When the bankruptcy trustee sought to make the debtor's ERISA-qualified pension plan part of the bankruptcy estate (and therefore available to satisfy the claims of the debtor's creditors), the debtor argued that Section 541(c)(2) operated to exclude the pension plan from his estate. Specifically, the debtor urged the court to interpret Section 541(c)(2) to include both federal and state law. That way, the ERISA-required transfer restriction in the pension plan would be an "applicable nonbankruptcy law" sufficient to keep the plan out of the bankruptcy estate.
The Court of Appeals for the Fourth Circuit agreed with the debtor. Specifically, the court found that the ERISA requirement constituted an "applicable nonbankruptcy law" and the pension plan should therefore be excluded from the bankruptcy estate.
The Supreme Court Decision
On appeal, the U.S. Supreme Court looked to the plain language of Section 541(c)(2) and concluded that nothing in the statute indicated that the phrase "applicable nonbankruptcy law" referred exclusively to state law. In other words, the Court held that the provision encompassed any relevant nonbankruptcy law, including federal law such as ERISA. The Court also examined other sections of the Bankruptcy Code and determined that the interpretation that included federal as well as state law was consistent with other references in the code to sources of law.
After the Court concluded that "applicable nonbankruptcy law" was not limited to state law, it further determined that the anti-alienation provision included in the debtor's ERISA-qualified pension plan satisfied the literal terms of the Section 541(c)(2). Therefore, because the pension plan contained an enforceable transfer restriction for purposes of Section 541(c)(2), the pension plan was properly excluded from the bankruptcy estate.
Supreme Court Extends Protection to IRAs
On April 4, 2005, the U.S. Supreme Court ruled that Individual Retirement Accounts (IRAs) are similarly protected in bankruptcy.

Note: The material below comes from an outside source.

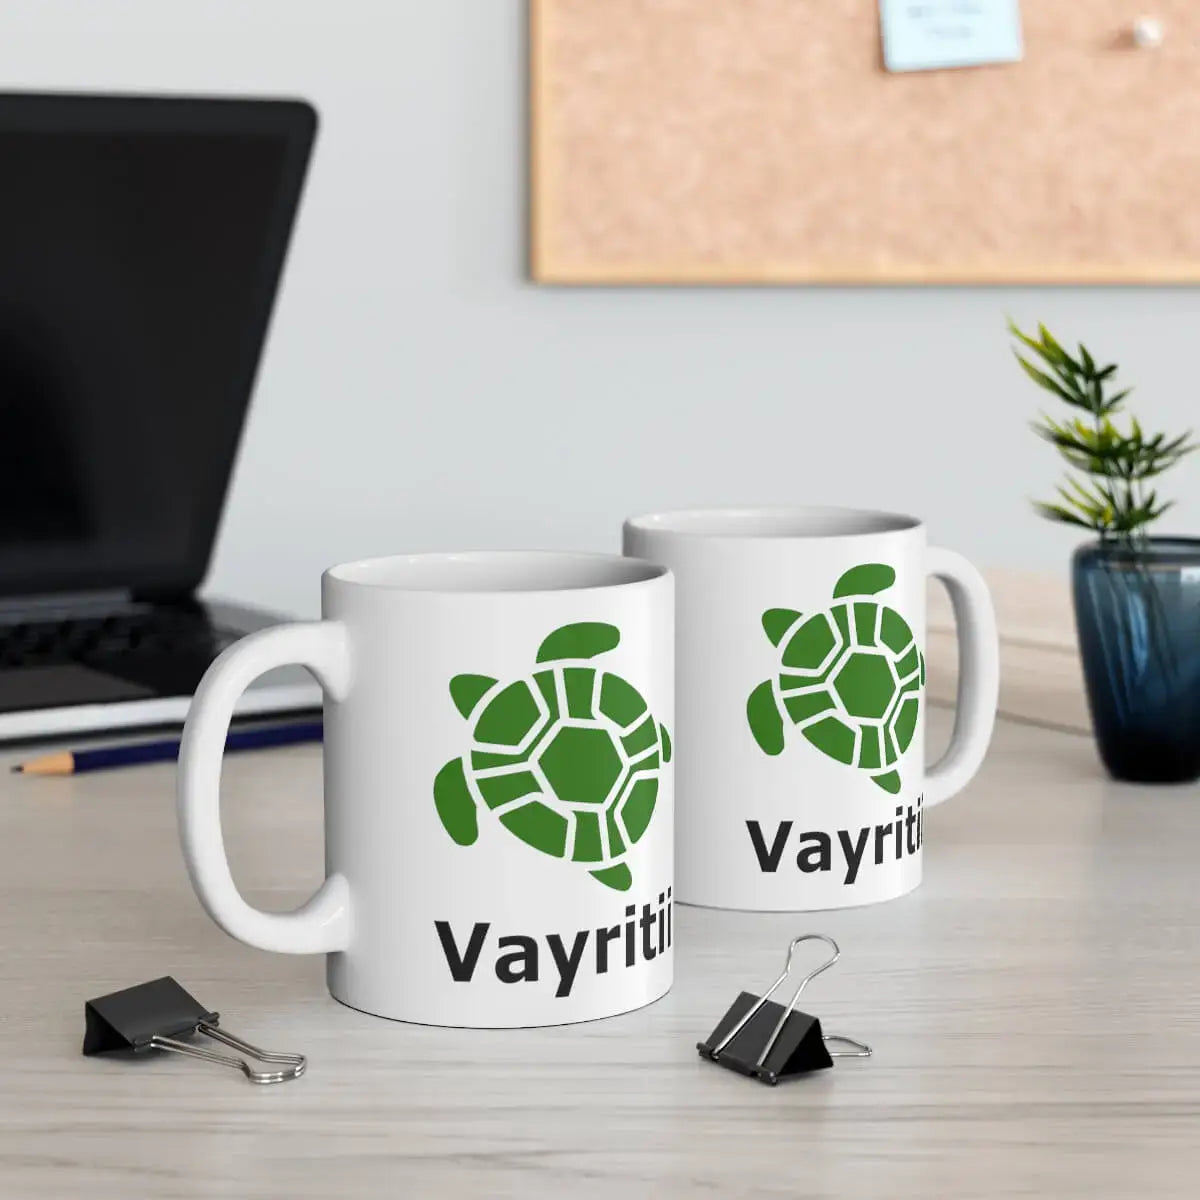 Vayritii (Truth) Turtle Mug

Some lower courts had ruled that IRAs were not entitled to the same protection in bankruptcy as pension plans and 401(k)s, since IRAs permit withdrawals at any time for any reason, as long as holders under the age of 59 and 1/2 pay a ten percent penalty. However, the Court reasoned that "that penalty erects a substantial barrier to early withdrawal" and in a unanimous decision, the Court determined that IRAs should receive the same protection from creditors in bankruptcy as pension plans, 401(k)s, Social Security and other benefits related to the age, disability or illness of the debtor.
The Bankruptcy Abuse Prevention and Consumer Protection Act of 2005 (BAPCPA)
The enactment of BAPCPA amended the bankruptcy code to exempt from the bankruptcy estate assets in and payments from non-ERISA tax qualified plans, including traditional and Roth IRAs, 403(b) and 457 plans. The debtor must establish that the fund from which they are payable is tax exempt, either by providing a determination letter, if one is available, or by demonstrating that an adverse ruling as to the fund's tax-exempt status by the IRS or a court does not exist.
Under BAPCPA, direct transfers and eliglble rollovers within a 60-day period to and from these plans are exempt from the bankruptcy estate. The exemption for amounts in traditional or Roth IRAs is limited to $1 million (exclusive of rollover contributions), although this amount is subject to increase under the law in certain circumstances.
Contributions to ERISA plans, Section 457 deferred compensation plans, Section 414(d) government plans and Section 403(b) tax-deferred annuities that are withheld by the employer from the employee's wages, or amounts received by an employer as a result of employee contributions to a plan, are automatically excluded from the bankruptcy estate.